In 2012, for the first time, India issued a so-called ‘compulsory license’ – when a government overrides a patent monopoly to make medicines available to meet a public health need. This measure is used to jumpstart generic production and allows generic manufacturers to enter the market by paying a set royalty fee to the patent-holder. India’s compulsory license authorized marketing of a more affordable version of a liver and kidney cancer medication that Bayer was selling for $6000 per month in India; generics are now available for less than $200 per month

To understand what is at stake, think back to the 1990s, when first-line medicines for HIV/AIDS cost more than $10,000 per patient per year. While many AIDS patients in the United States and Europe were coming back to life thanks to antiretrovirals, people in developing countries where MSF works continued to die simply because they, or their governments, were unable to afford the price of treatment.

The Indian generic industry stepped up, offering to produce the same first-line medicines for $1 a day. Today, 11 million people are on HIV treatment in developing countries, with around 90% of medicines sourced in India. Broad access to affordable HIV medicines has enabled an unprecedented global response to a disease that once seemed completely unstoppable.

India’s patent law and practices are favorable to public health, were put in place through a democratic legislative process, and are in line with international trade and intellectual property rules. Every country has the right to set policies that balance private business interests with public health needs.

India has forged a fair and progressive path in this arena that is influencing its BRICS peers and other developing countries. South Africa and Brazil are looking to reform their patent systems to encourage public health-driven innovation and discourage patent abuse. Prime Minister Modi should reject any attempts to turn India back from this path. 

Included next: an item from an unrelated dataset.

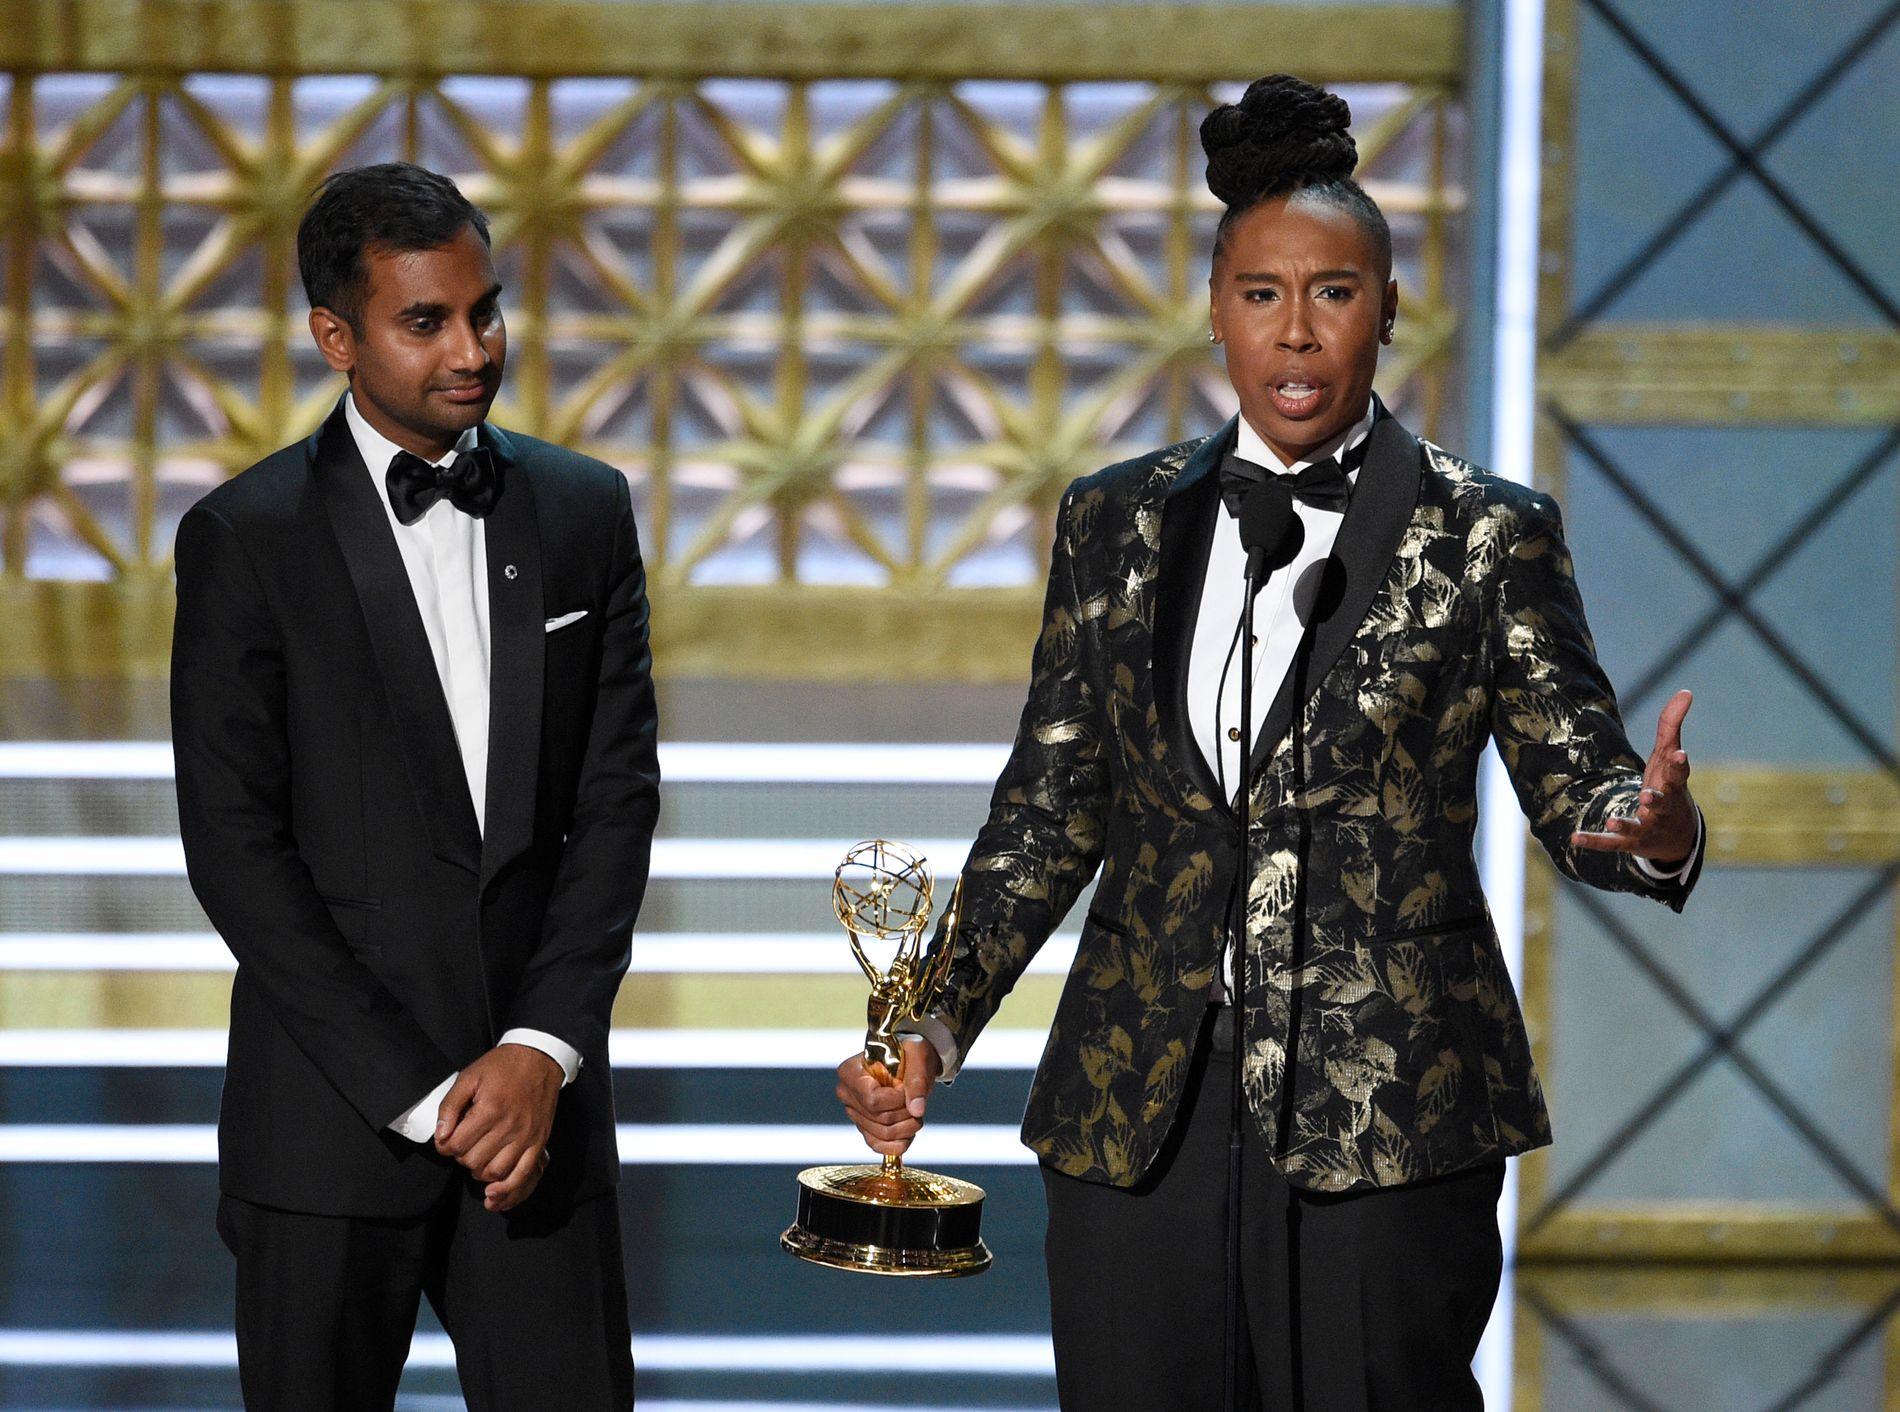 HISTORISK: Lena Waithe er den første afroamerikanske kvinnen som har vunnet pris for beste manus til komiserie.

Beyond this, MSF sees the need for a bold new vision for biomedical innovation where open access to scientific knowledge is promoted and where research and development (R&D) investments are not linked to the price of products, thereby making medicines affordable for all who need them. India can show even greater leadership by supporting proposals being considered at the World Health Organization and other national and regional forums to implement new models for medical innovation. Funding for medical R&D, as well as vision, leadership and the right policies, are needed to transform these proposals into action.

We urge the prime minister to stand firm in upholding India’s intellectual property policies, which are in line with international trade and intellectual property rules and which are the foundation of India’s vitally important role in global health.

As a medical humanitarian organization that relies heavily on affordable high quality medicines produced in India, we have seen firsthand the lifesaving role that Indian laws and policies have played over the past decade. We implore Prime Minister Modi to continue India’s leadership in global health, innovation and access to medicines, by not only playing by the rules but also by challenging them and changing the innovation system so it better serves public health needs.


Meenakshi Narula Ahamed is a trustee of MSF India and is a member of MSF-USA’s Board of Advisors. Unni Karunakara is a trustee of MSF India and is the former international president of MSF.